• TASK BRIEF
Give back exactly the lines that start at the one containing "RG Type High" and run to the end of the material, leaving out the pictures.

• SOURCE DATA
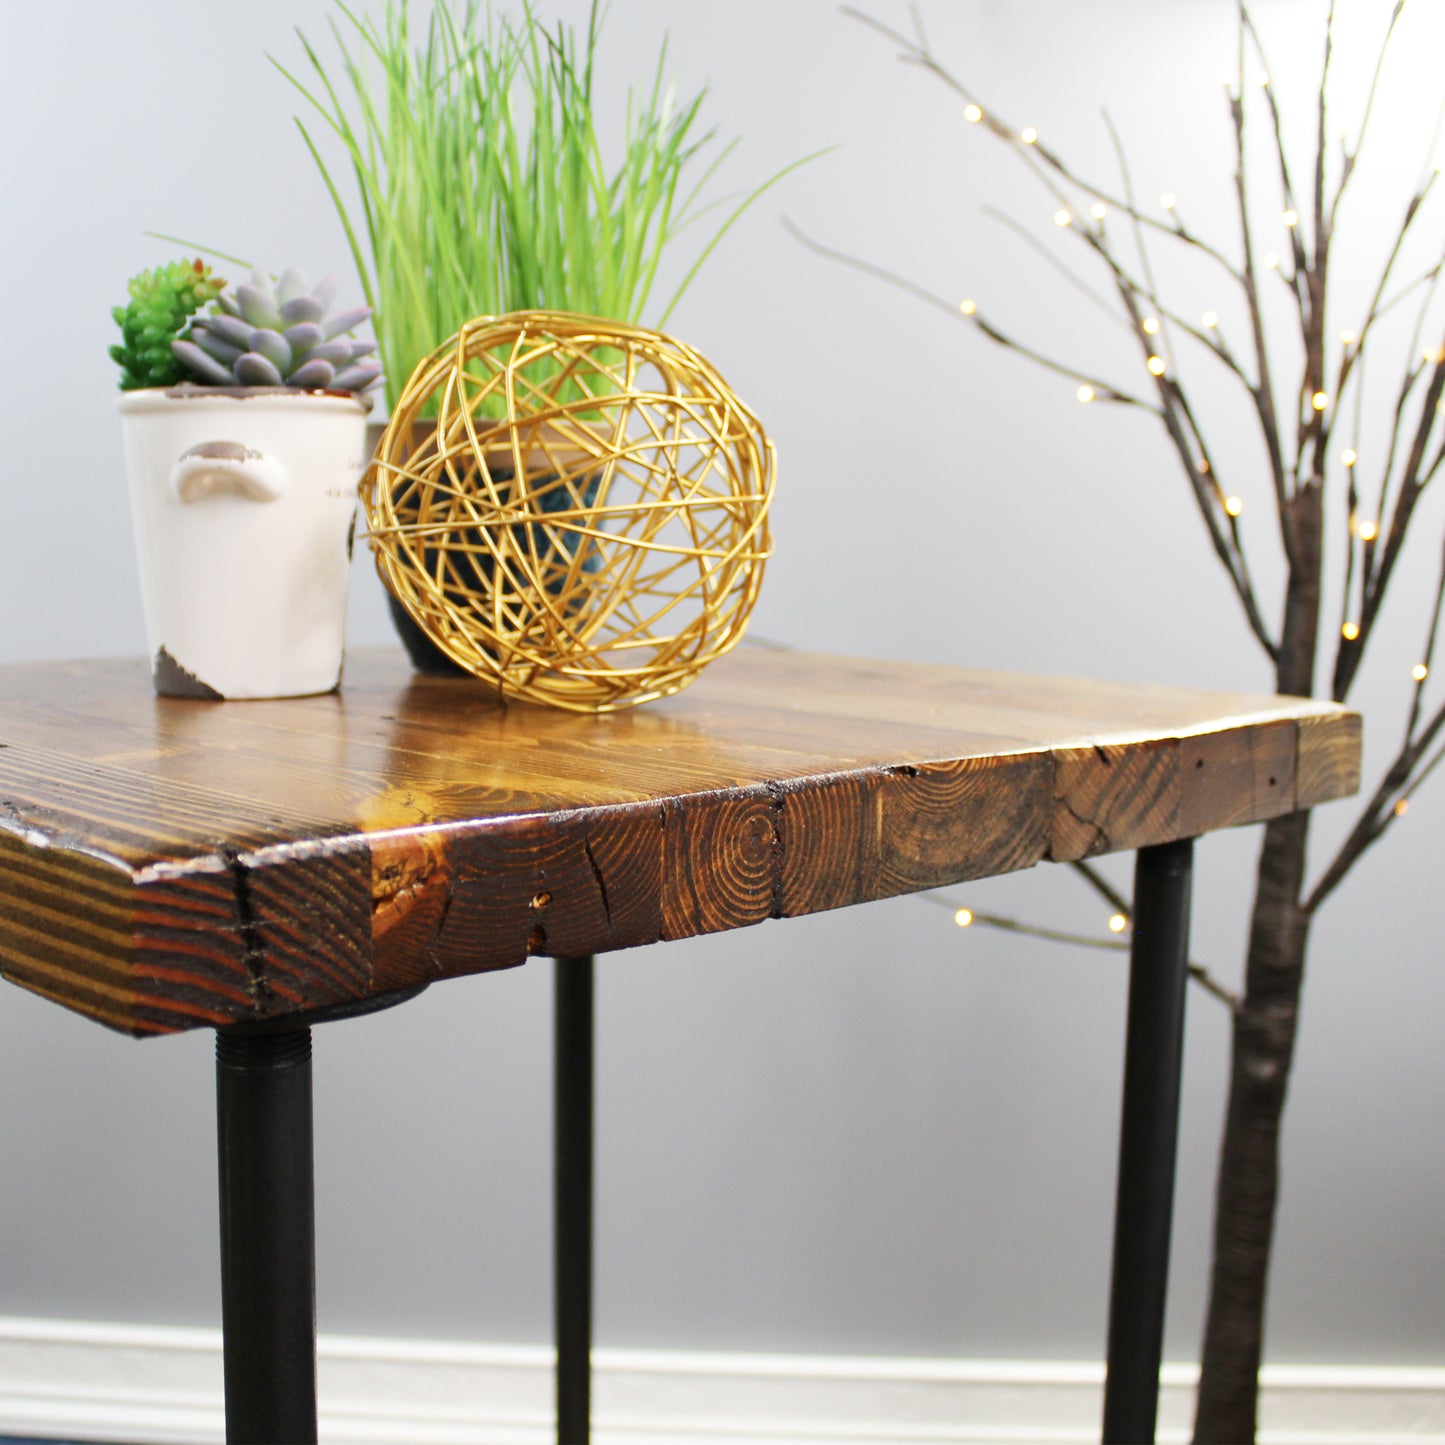 Natural Geo Dublin Rustic Pipe Wooden End Table
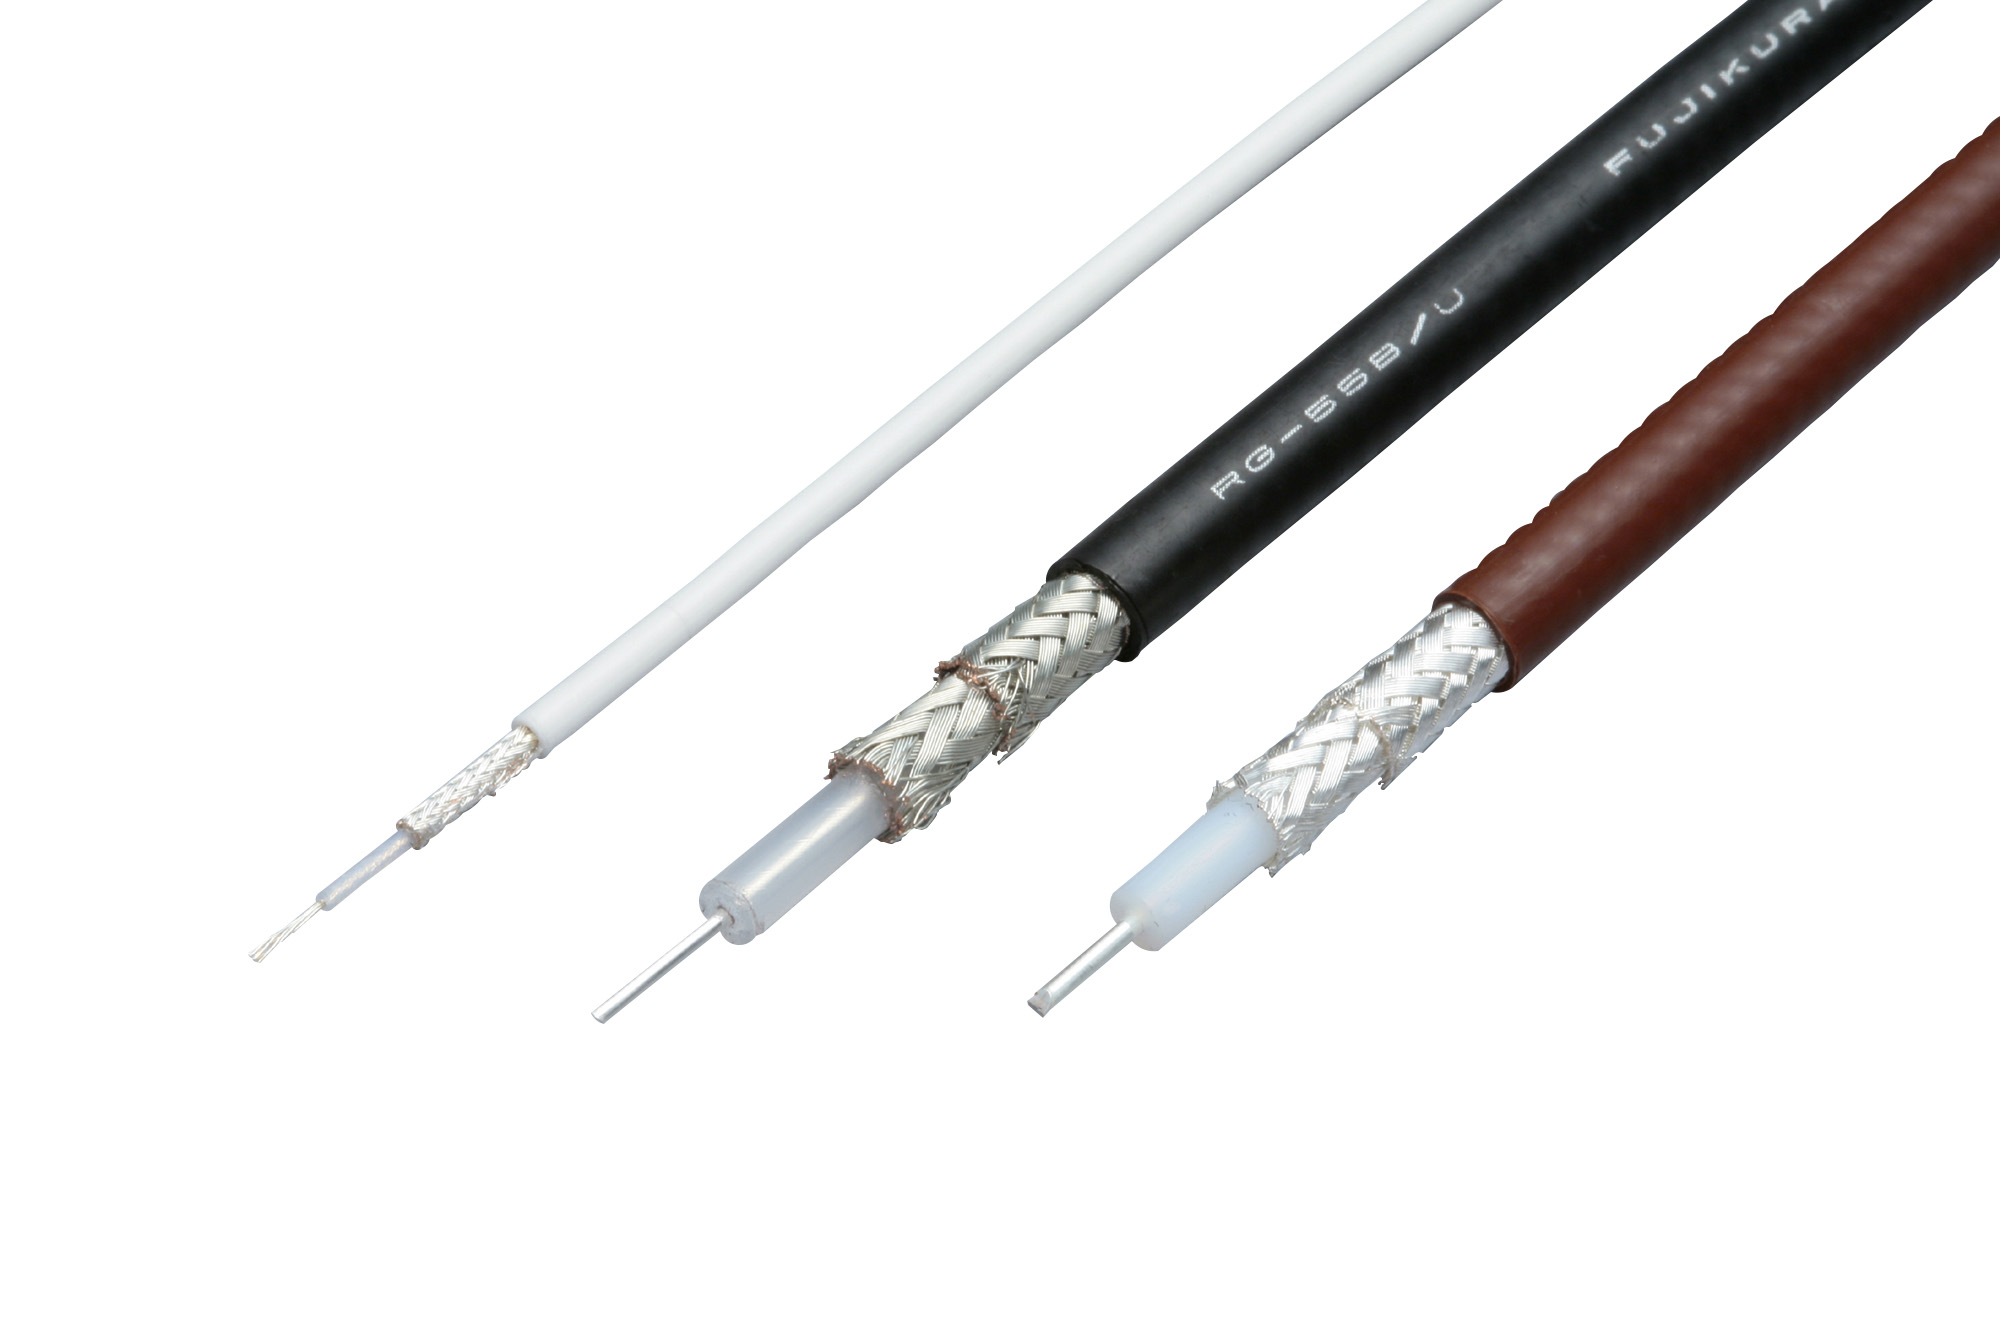 RG Type High Frequency Coaxial Cable (RG-58AU-100) 
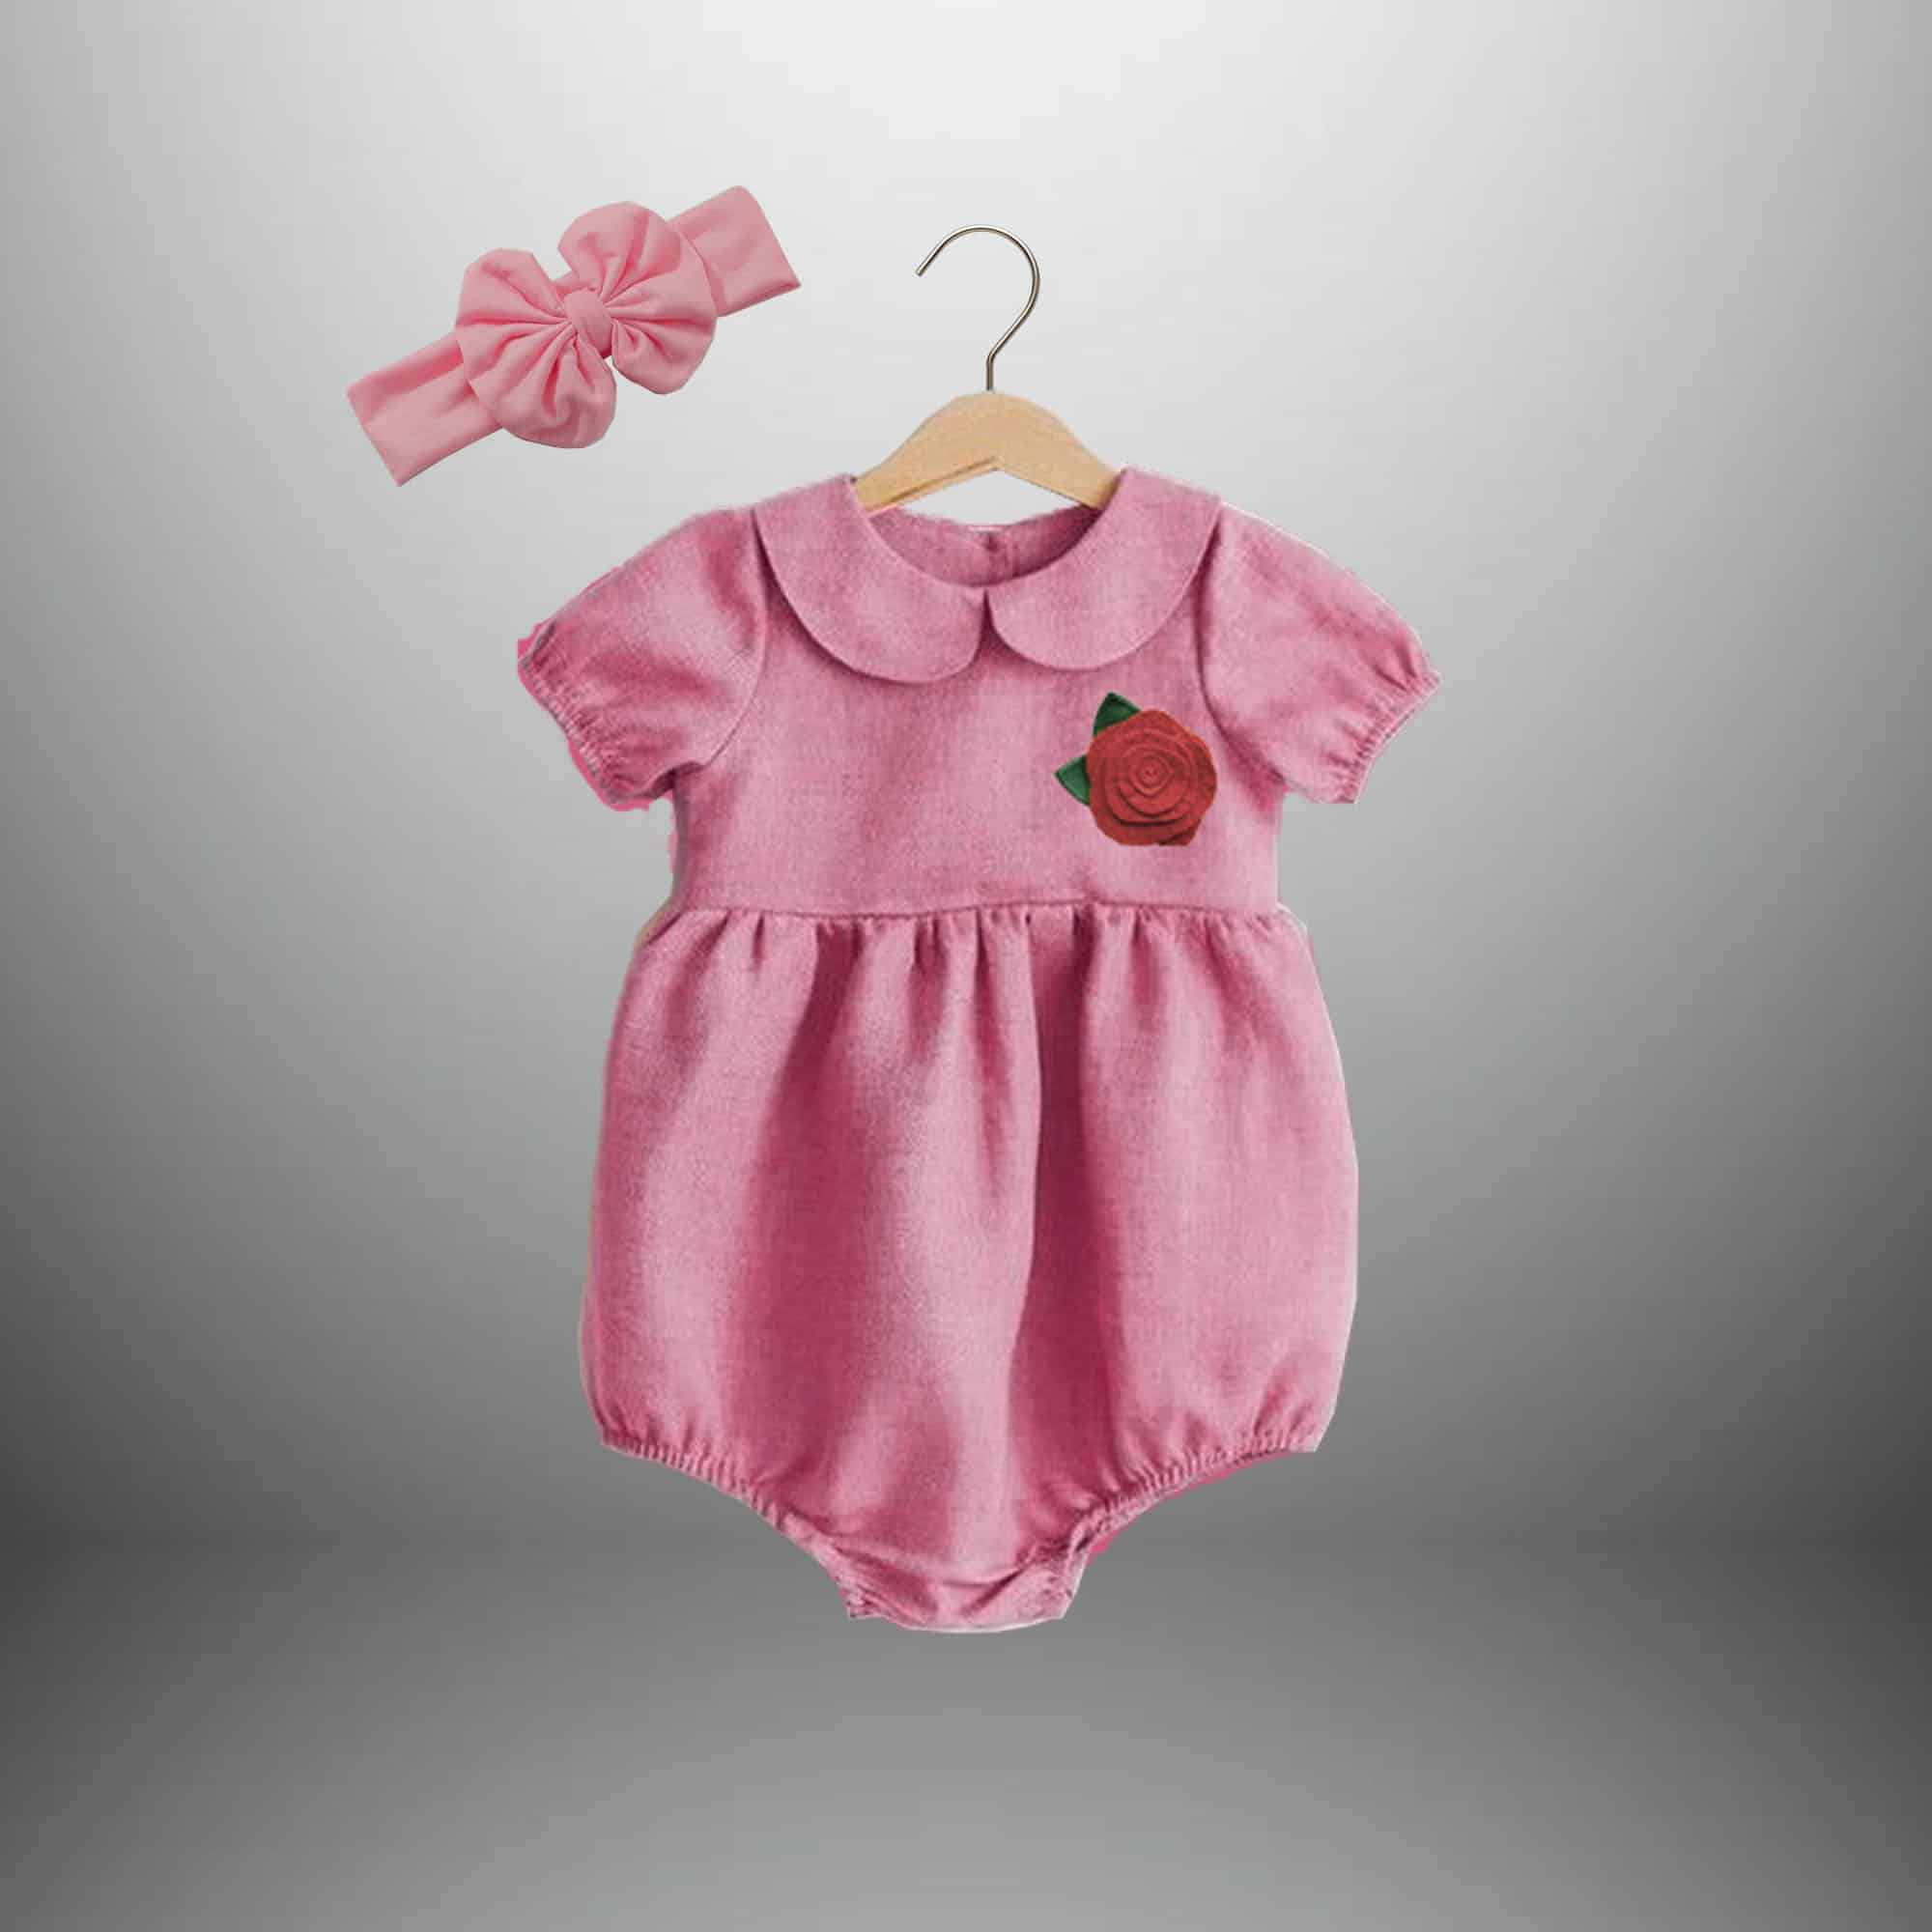 Baby Girl's pink Romper with a Red Rose and a free Hairband-RKFCTT066

• ANSWER FOR THIS EXERCISE
 RG Type High Frequency Coaxial Cable (RG-58AU-100) 
 Baby Girl's pink Romper with a Red Rose and a free Hairband-RKFCTT066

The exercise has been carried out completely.